Rscript --vanilla scripts/remove_relatives.ROutput:
out/fastas/1KGP_rCRS_RSRS_norelatives.fasta
Positions known to interfere with multiple-sequence alignment were removed or altered manually using UGENE. The spacer in the rCRS at position 3107 was changed from an "N" to an indel. The same was done for the spacers in the RSRS at positions 523-524. The positions in the poly-c region 303–315 and 16,183–16,194 were removed in all sequences.
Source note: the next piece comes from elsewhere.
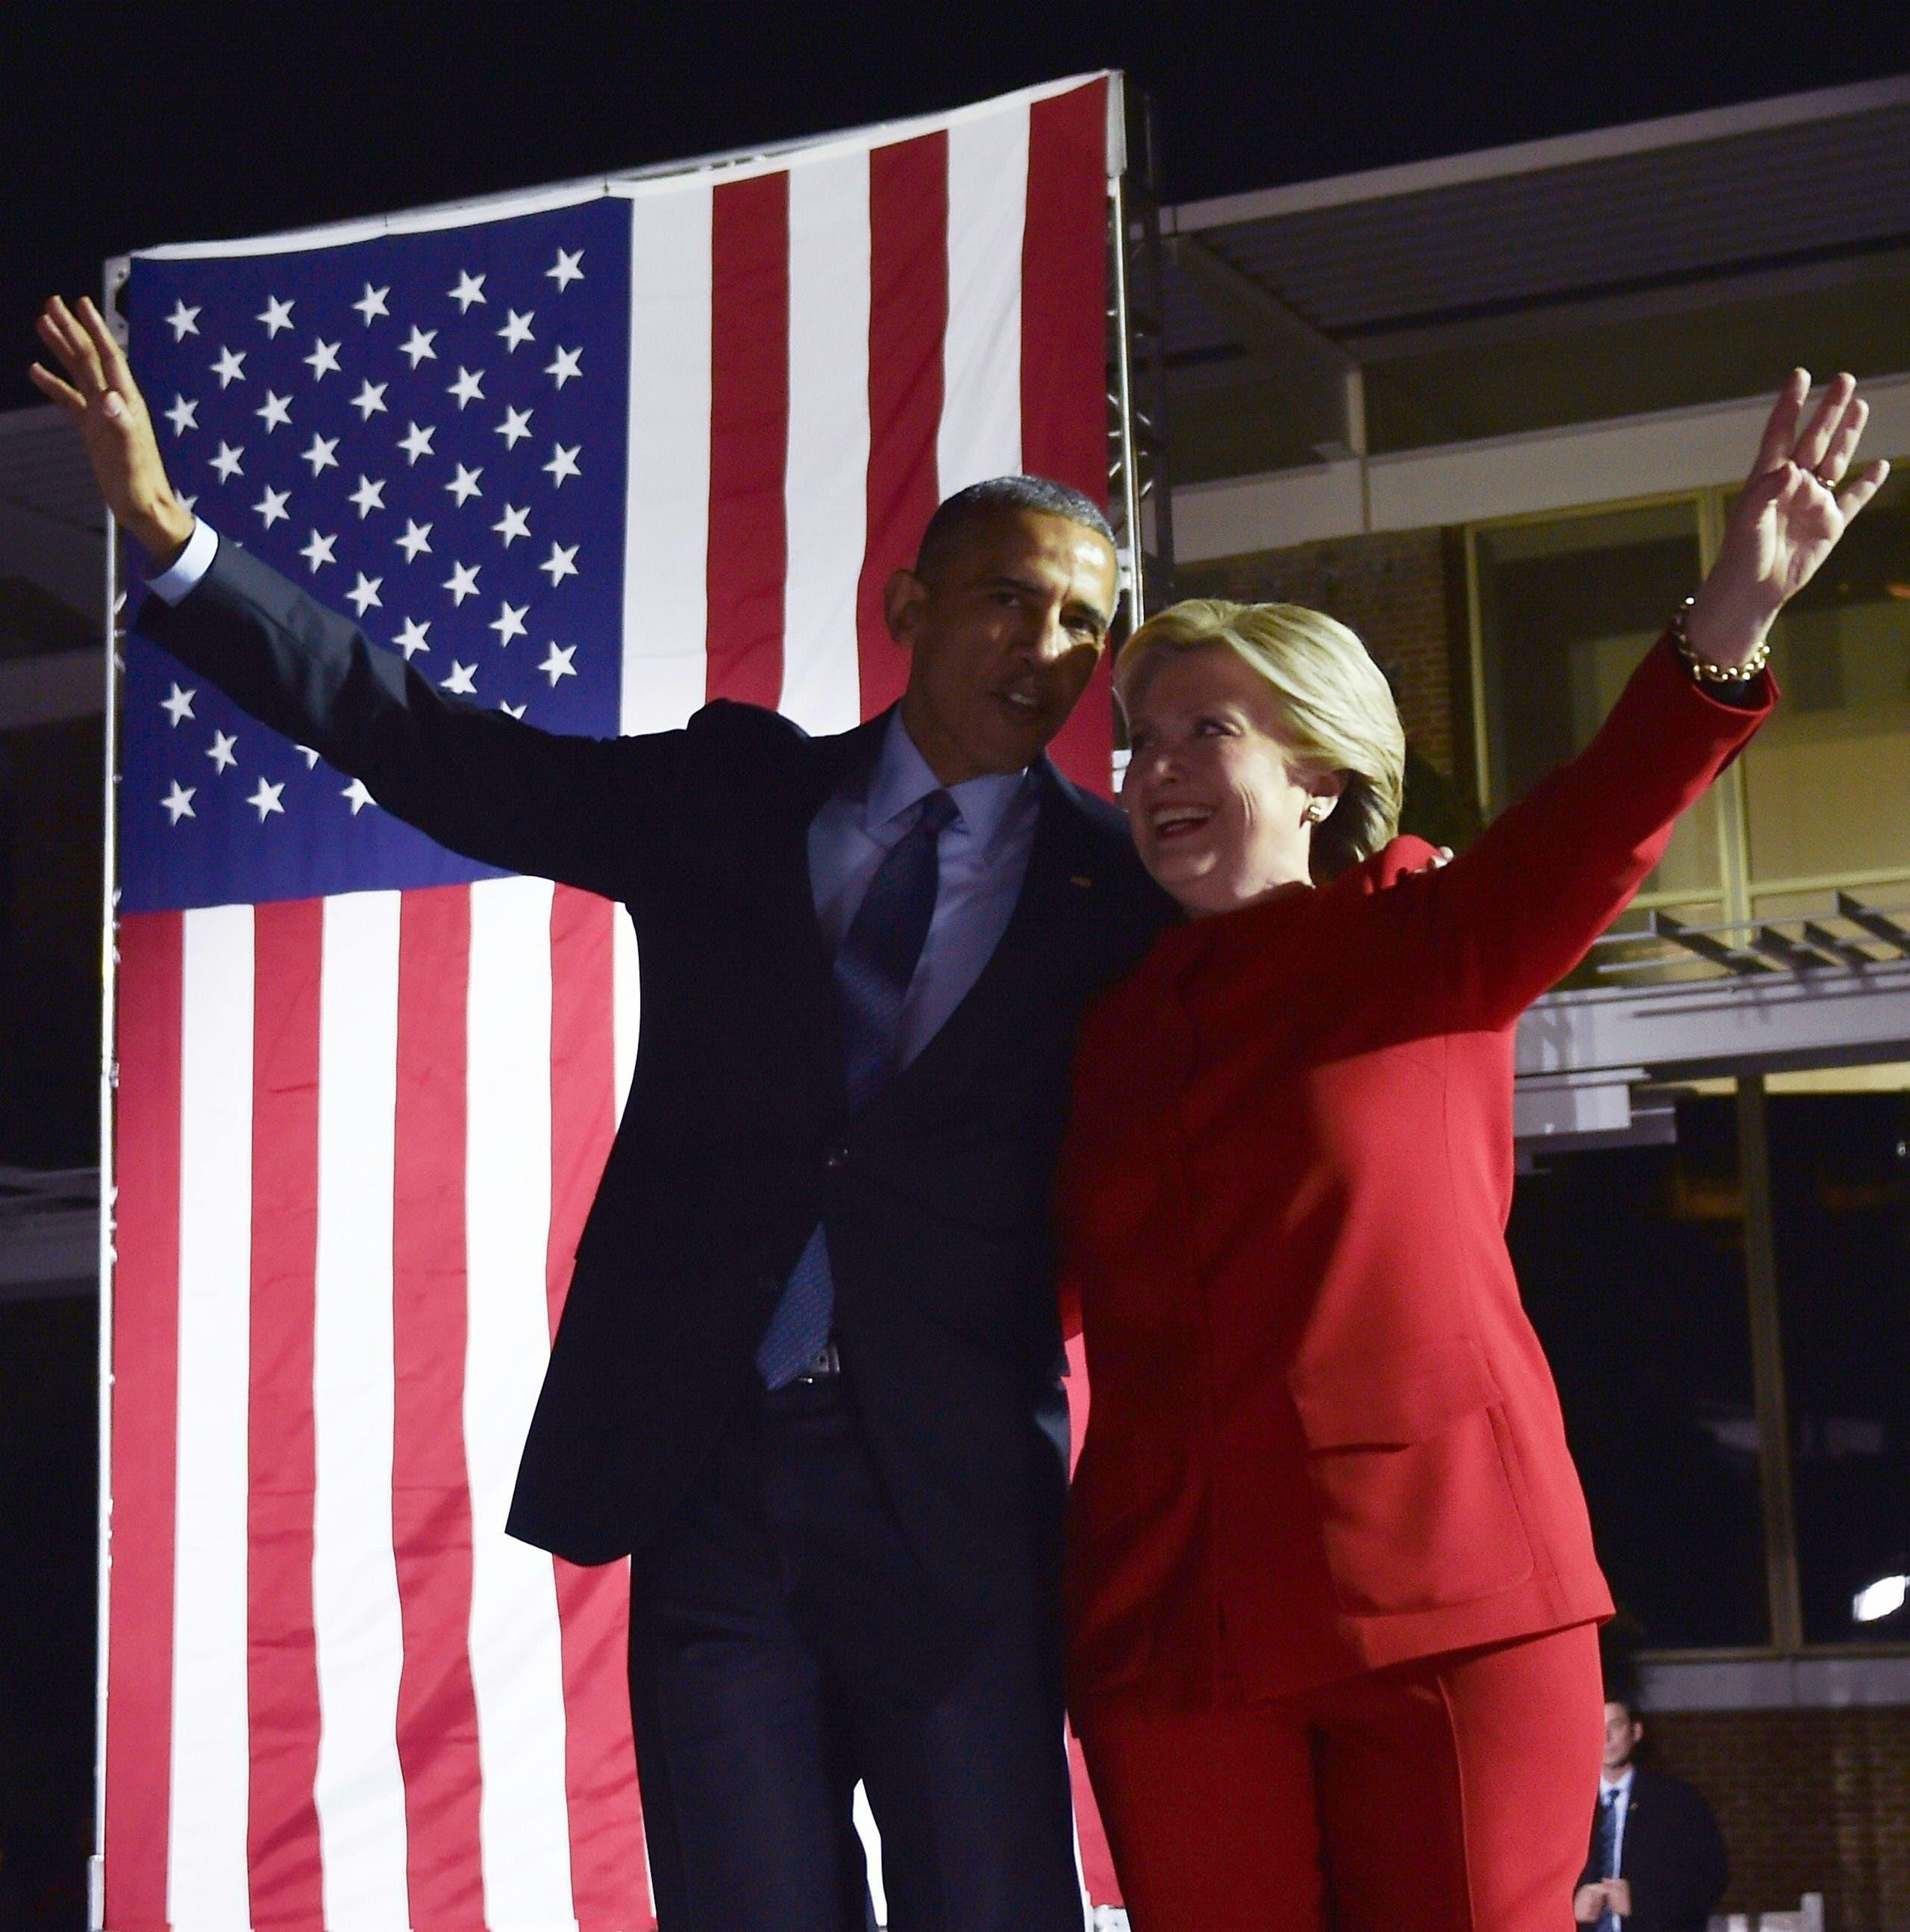 أوباما يشارك في أحد تجمعات كلينتون الانتخابية في 2016

To avoid errors in downstream analysis character "M" (signaling a base ambiguity between "A" and "C") at position 12091 in individual HG01747 was manually changed to "C", a character present at this position in the majority of sequences in the dataset (exceptions NA18633 and NA19327 that have "A" at this position), as well as in the closest haplotype to HG01747.
Output:
out/fastas/1KGP_rCRS_RSRS_norelatives_nopolyc_NMreplaced.fasta
MSA was performed using MAFFT v7.520.
mafft out/fastas/1KGP_rCRS_RSRS_norelatives_nopolyc_NMreplaced.fasta > out/fastas/1KGP_rCRS_RSRS_norelatives_nopolyc_NMreplaced_mafft.fastaFollowing good practice recommendations, manual post-alignment base correction (especialy around the original 3107 rCRS spacer) was performed using Unipro UGENE, ensuring that all indels align in the same pattern.
Output:
out/fastas/1KGP_rCRS_RSRS_norelatives_nopolyc_NMreplaced_mafft_indelcorr_postmafft.fa
Rscript --vanilla scripts/create_AFR_subset_FASTA.ROutput:
out/fastas/1KGP_AFR_RSRS.fasta
out/fastas/1KGP_AFR.fasta
mtDNA phylogenetic trees were constructed by Maximum Likelihood (ML) with IQ-TREE. The ModelFinder Plus setting was used to determine the best-fitting model by calculating the Bayesian Information Criterion (BIC) and choosing the model which minimizes the BIC. Phylogenetic trees were rooted using the RSRS.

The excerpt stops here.